U.S. Magistrate Judge Mark Clarke called the case "a notorious outlier in both degree and volume" among the growing number of AI-related sanctions in federal courts.

The Dispute Over Who Drafted the Documents

Brigandi has consistently denied drafting the three problematic motions. He told the Union-Tribune he represented his client, San Diego resident Joanne Couvrette, on a pro bono basis and did not personally write the documents containing the hallucinated citations.

However, the judge found "persuasive evidence" that Couvrette herself drafted the filings.
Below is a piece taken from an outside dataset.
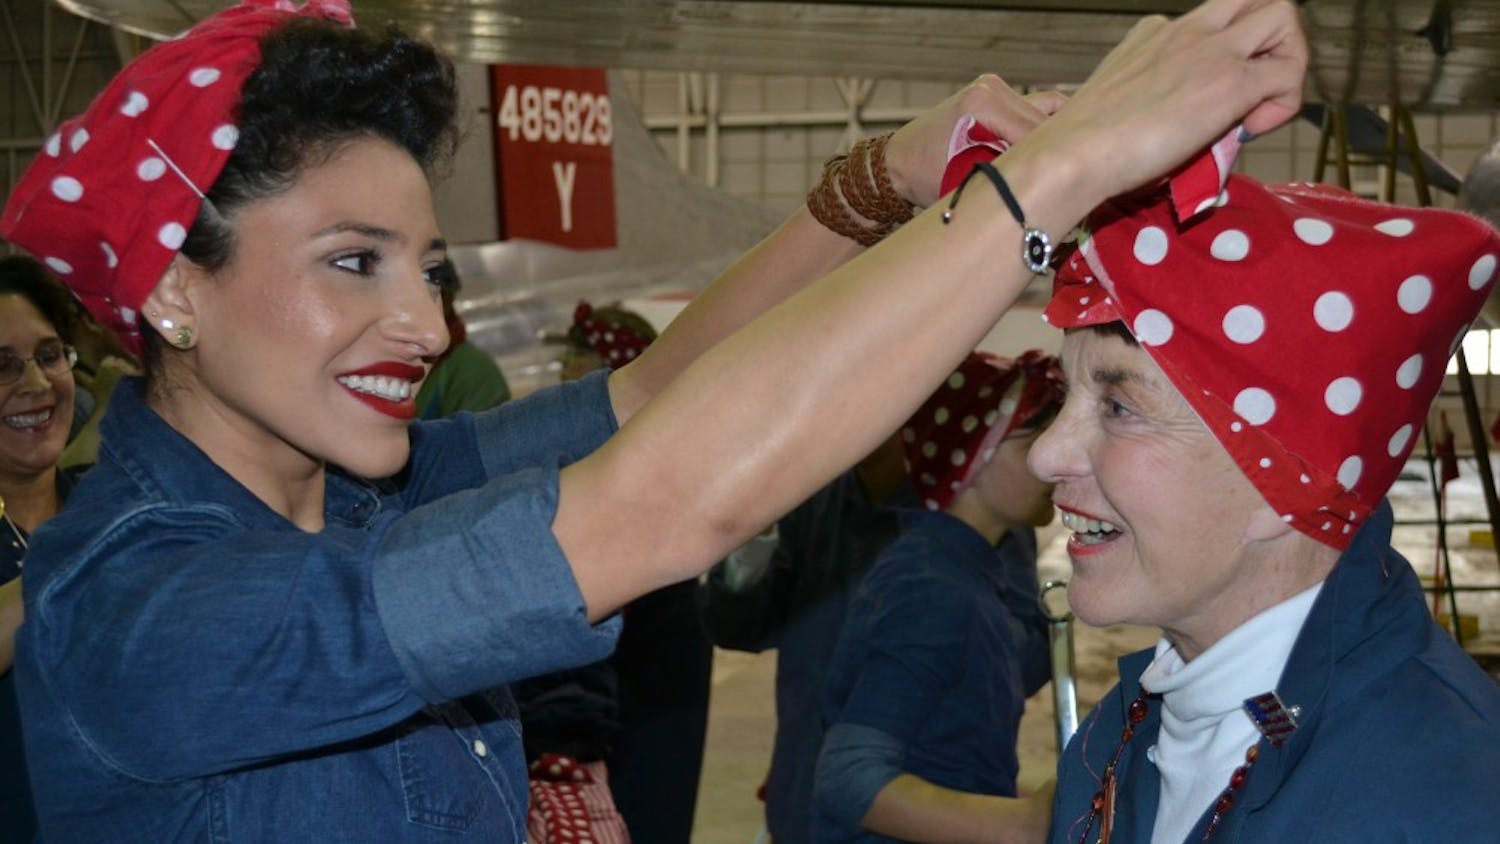 Rosie The Riveter attempts Guinness World Record

Court documents show Couvrette had represented herself in multiple lawsuits and had filed similar briefs containing fabricated cases in Oregon state court just months before the federal filings.

When asked who actually drafted the motions, both Brigandi and the local counsel attorney cited attorney-client privilege and declined to answer directly. The judge noted that Couvrette and Brigandi failed to dispute the evidence against them despite multiple opportunities to do so in court.

"Ms. Couvrette's and Mr. Brigandi's silence, despite multiple opportunities to explain their side of the story, speaks volumes," Clarke wrote.

Couvrette's Role in the Case

Couvrette is the eldest sibling in the Wisnovsky family. She filed the lawsuit in January 2021 against her two younger brothers, Mark and Michael Wisnovsky, over control of the family winery during their mother's final years.

Brigandi joined the litigation in early 2024, nearly three years after it began. Because he is not licensed to practice in Oregon federal court, he required special permission and had to work with a local counsel attorney.

Couvrette has a history of litigation. She was the executive director of the Canyon Crest Academy Foundation when a report criticizing the nonprofit's finances prompted an audit that confirmed financial mismanagement. She later sued the foundation, alleging she was fired in 2024 over a controversial Facebook post. That lawsuit remains pending in San Diego Superior Court.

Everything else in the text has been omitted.